■ PROBLEM TO SOLVE: Every line from the one containing "Магия удержания: рекламные" to the end of the listing below should be transcribed exactly, and no line outside that span should appear.

■ EXTRACTED ENTRIES:
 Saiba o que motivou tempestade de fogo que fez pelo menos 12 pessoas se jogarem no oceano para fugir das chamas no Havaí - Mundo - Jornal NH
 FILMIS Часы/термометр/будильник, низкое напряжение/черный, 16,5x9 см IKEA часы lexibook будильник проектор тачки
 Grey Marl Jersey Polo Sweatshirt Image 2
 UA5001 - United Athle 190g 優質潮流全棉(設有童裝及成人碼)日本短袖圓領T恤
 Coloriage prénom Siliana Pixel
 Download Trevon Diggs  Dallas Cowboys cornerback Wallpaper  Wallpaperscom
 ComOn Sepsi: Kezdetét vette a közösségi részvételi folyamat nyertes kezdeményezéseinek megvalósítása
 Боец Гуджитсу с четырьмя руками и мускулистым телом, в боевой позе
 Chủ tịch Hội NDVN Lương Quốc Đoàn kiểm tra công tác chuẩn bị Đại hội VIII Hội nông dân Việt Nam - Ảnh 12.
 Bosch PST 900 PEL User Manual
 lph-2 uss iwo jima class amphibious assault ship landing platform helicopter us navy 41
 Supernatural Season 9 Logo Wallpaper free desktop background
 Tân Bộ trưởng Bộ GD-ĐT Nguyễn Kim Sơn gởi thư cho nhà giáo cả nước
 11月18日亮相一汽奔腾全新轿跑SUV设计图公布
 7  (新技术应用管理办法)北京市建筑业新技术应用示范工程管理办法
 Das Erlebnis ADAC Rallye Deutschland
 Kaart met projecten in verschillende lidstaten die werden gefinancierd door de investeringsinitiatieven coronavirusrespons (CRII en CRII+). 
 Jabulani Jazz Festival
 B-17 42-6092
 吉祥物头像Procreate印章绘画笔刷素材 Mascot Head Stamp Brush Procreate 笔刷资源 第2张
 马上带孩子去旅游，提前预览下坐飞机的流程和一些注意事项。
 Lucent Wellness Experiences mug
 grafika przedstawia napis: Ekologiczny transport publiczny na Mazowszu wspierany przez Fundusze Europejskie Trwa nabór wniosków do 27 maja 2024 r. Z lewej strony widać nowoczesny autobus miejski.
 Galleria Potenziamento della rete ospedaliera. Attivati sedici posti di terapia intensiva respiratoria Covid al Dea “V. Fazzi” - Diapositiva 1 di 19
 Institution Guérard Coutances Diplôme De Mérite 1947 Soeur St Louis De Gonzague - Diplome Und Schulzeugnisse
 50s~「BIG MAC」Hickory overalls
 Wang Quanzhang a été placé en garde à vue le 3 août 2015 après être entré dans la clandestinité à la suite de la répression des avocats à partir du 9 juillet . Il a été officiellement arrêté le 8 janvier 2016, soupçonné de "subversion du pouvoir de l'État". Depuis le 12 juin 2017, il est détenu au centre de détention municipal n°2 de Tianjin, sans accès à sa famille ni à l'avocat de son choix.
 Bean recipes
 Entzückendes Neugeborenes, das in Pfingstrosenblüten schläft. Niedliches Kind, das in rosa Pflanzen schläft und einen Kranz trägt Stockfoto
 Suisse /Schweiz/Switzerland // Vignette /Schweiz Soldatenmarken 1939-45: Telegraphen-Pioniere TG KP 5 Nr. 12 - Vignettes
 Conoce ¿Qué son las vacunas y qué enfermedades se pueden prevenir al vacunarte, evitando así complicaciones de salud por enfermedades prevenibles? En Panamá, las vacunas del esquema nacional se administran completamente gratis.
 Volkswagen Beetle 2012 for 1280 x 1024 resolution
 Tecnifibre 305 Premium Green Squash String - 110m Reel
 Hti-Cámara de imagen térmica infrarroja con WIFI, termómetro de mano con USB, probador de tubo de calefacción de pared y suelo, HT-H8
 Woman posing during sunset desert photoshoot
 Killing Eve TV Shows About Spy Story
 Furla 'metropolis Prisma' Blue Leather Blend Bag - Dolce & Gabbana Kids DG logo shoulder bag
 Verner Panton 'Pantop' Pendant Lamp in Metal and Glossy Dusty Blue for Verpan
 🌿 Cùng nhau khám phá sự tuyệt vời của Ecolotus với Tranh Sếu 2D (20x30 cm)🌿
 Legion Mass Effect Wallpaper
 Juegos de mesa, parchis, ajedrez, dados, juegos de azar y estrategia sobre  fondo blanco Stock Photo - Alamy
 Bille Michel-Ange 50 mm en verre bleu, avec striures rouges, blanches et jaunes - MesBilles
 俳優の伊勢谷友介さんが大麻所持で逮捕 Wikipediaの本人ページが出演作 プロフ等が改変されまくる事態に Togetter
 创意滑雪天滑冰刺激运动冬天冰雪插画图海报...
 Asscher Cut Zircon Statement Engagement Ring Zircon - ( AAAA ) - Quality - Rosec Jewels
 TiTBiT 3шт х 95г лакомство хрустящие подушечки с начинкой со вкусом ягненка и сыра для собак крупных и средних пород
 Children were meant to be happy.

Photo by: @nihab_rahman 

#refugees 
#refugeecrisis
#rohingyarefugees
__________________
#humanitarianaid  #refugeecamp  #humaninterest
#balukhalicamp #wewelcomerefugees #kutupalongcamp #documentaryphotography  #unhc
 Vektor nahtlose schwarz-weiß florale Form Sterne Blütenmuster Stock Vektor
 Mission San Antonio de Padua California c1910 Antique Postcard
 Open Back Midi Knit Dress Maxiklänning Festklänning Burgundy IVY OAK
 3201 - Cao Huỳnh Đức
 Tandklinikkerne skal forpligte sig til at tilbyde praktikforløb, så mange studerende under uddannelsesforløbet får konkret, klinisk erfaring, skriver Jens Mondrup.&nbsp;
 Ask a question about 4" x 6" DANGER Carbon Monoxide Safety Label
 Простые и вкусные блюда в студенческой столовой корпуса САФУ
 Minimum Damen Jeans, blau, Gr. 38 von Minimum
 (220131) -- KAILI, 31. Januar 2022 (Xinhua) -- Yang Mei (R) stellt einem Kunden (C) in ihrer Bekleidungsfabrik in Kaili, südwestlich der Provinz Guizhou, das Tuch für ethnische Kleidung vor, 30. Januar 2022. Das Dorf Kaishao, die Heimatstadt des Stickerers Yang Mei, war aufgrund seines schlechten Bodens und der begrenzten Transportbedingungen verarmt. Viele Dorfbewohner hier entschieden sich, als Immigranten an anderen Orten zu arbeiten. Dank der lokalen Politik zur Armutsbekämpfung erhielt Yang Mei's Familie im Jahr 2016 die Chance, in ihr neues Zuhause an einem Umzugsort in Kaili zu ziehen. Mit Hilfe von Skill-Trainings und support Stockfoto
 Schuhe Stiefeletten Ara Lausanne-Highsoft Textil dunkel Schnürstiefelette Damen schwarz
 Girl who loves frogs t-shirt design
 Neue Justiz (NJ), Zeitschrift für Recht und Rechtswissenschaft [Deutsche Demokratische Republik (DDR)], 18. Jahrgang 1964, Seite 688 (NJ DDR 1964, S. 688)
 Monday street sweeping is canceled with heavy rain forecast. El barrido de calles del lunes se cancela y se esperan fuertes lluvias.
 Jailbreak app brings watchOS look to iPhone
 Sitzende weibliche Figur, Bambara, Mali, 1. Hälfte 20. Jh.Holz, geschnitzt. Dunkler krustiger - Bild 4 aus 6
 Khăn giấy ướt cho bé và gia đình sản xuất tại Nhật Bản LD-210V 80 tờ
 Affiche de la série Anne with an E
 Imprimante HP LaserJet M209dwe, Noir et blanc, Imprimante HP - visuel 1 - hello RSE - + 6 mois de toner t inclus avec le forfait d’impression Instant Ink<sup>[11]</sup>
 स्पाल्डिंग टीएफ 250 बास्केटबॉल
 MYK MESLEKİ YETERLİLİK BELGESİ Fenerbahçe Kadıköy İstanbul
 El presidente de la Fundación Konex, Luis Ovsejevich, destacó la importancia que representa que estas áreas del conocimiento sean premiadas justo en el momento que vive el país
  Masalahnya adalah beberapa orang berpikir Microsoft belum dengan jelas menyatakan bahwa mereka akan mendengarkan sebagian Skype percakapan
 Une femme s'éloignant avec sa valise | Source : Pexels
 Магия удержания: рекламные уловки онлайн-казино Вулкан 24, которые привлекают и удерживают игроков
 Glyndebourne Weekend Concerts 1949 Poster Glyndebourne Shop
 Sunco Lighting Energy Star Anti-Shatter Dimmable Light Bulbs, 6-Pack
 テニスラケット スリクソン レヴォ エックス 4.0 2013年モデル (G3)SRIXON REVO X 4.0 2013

■ SOLUTION:
 Магия удержания: рекламные уловки онлайн-казино Вулкан 24, которые привлекают и удерживают игроков
 Glyndebourne Weekend Concerts 1949 Poster Glyndebourne Shop
 Sunco Lighting Energy Star Anti-Shatter Dimmable Light Bulbs, 6-Pack
 テニスラケット スリクソン レヴォ エックス 4.0 2013年モデル (G3)SRIXON REVO X 4.0 2013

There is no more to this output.